Давал форой ладью, что немного затягивало пред-гильотинные бдения, но — дело принципа, святой гандикап и, конечно, вслепую.
(Спиридонову иногда исключение.)
Подозревал в нем позера,
ультра-сценичные диктанты победы,
слон бьет h7, бьет g7, бьет f7,
моветон постановочной порки слабейших —
он не позерствовал, это я ошибался, ошибался во всем и драгоценные, с одинаковым, впрочем, исходом для партии, диковины сбоев его выводил из естественных, никого не щадящих преткновений невидения. О обыватель, папаша Омэ.
За спиной у Алехина двадцать досок в Чикаго,
Рихард Рети — Висбаден, Острава-Моравска — посохом тычет в рекорд.
Мы очарованы, воркуют приспешники,
профанация, негодуют пуристы,
а Мирзе все одно.
«Резон ли в эмоциях,
если играют вслепую как зрячие,
восполняя ухватками мнемотехники скошенный ракурс обзора,
если, предоставленные целительной темноте,
лезут подглядывать в скважину, напряжением перегретого мозга.
Нет, играть, как слепец,
как Тиресий-прозритель,
безумный, с разодранными лунками глаз,
ощупывающий перед собой пустоту,
наугад бредущий шатаясь, босой,
из безоких безокий,
но кое-что видит взамен.
Позабыть о фигурах, не тщась превозмочь, возместить; слепец так слепец, черный безóбразный бархат. И когда, изгнав лишнее, двуногою тьмою во тьме — ни слона, ни ферзя, одеяло на клетке — приникнешь потерянный к прутьям, в этот миг и протиснешься в будущее, чередою просчетов, „зевков“. Я там — был?

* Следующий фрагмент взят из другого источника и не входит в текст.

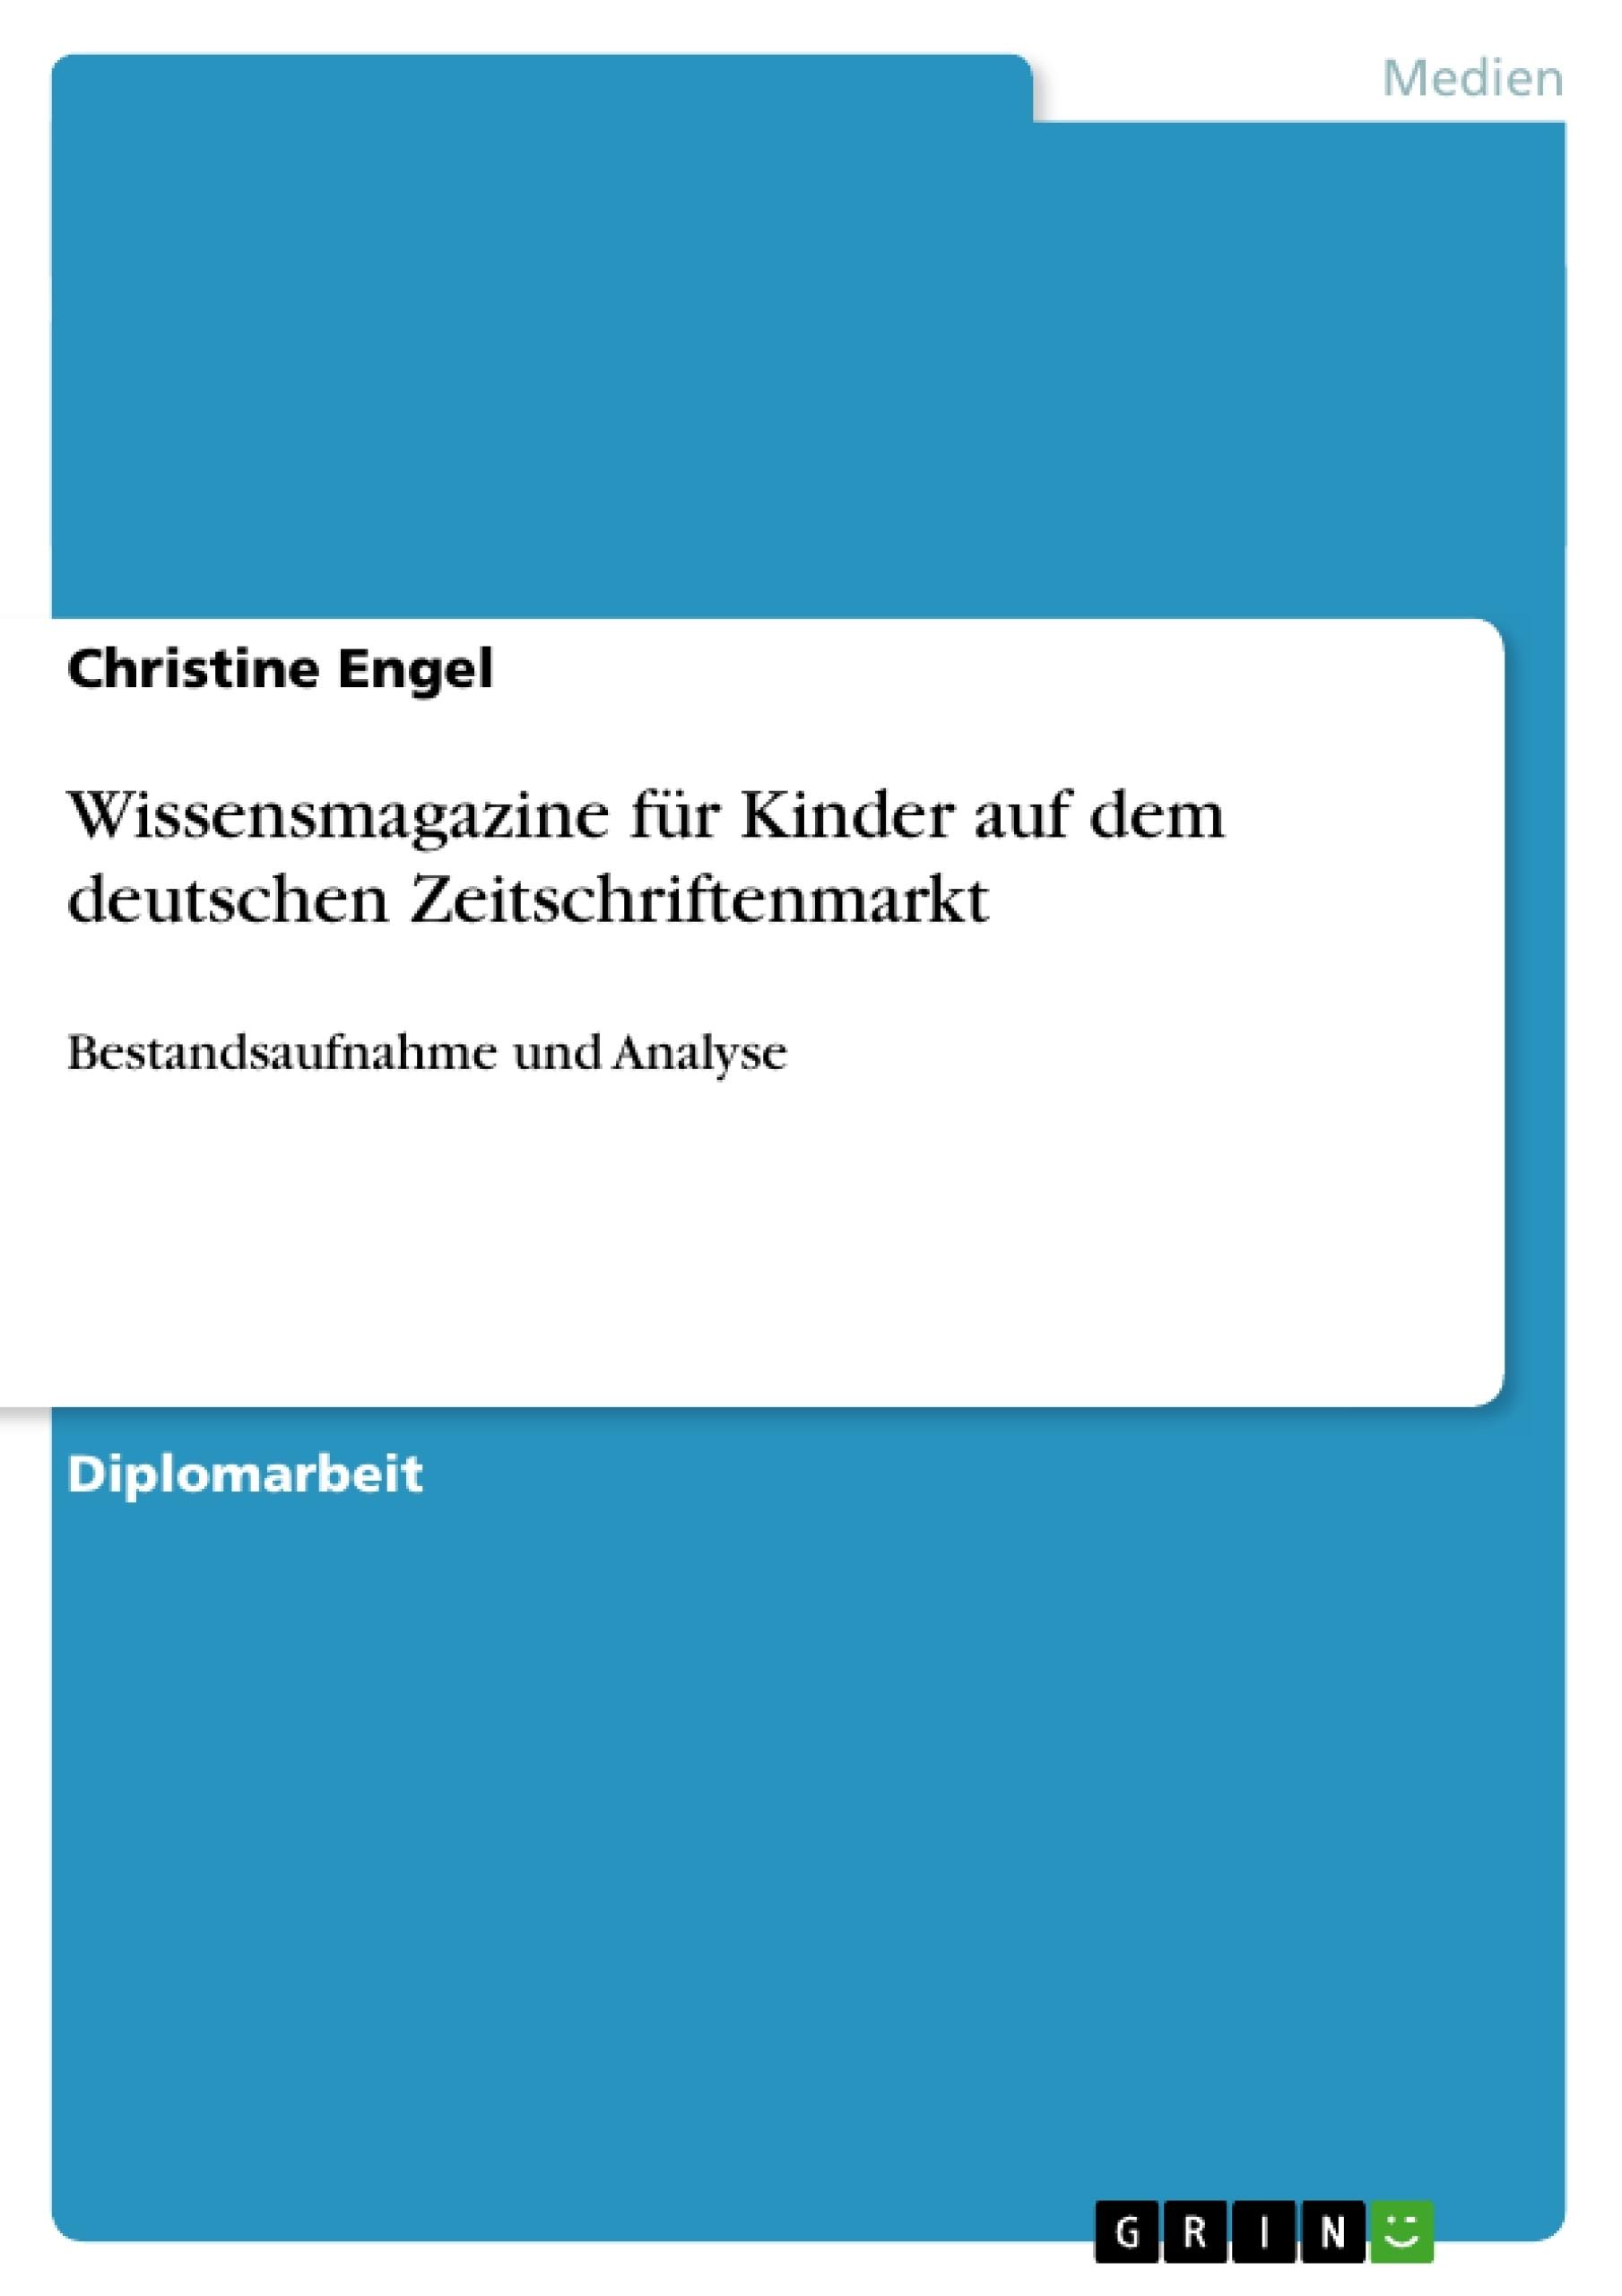 Wissensmagazine für Kinder auf dem deutschen Zeitschriftenmarkt ...

Я — бываю? Ложь не мое ремесло, и скажу, что, не ведая ни о чем на доске, я в канун Раппало глупым отскоком коня осветил протоколы, которые не попали в печать, потом была закулисная Генуя, а сейчас, невпопад предлагая гамбиты, слышу „Локарно, Локарно“. Чем это слово грозит?»
Радловские записи песен на третье,
песни степные,
ковыльные вехи, кочевье,
дым пастбищ, эйлагов,
косматые шапки, овчина и овцы, слюна капает с волкодавьих клыков.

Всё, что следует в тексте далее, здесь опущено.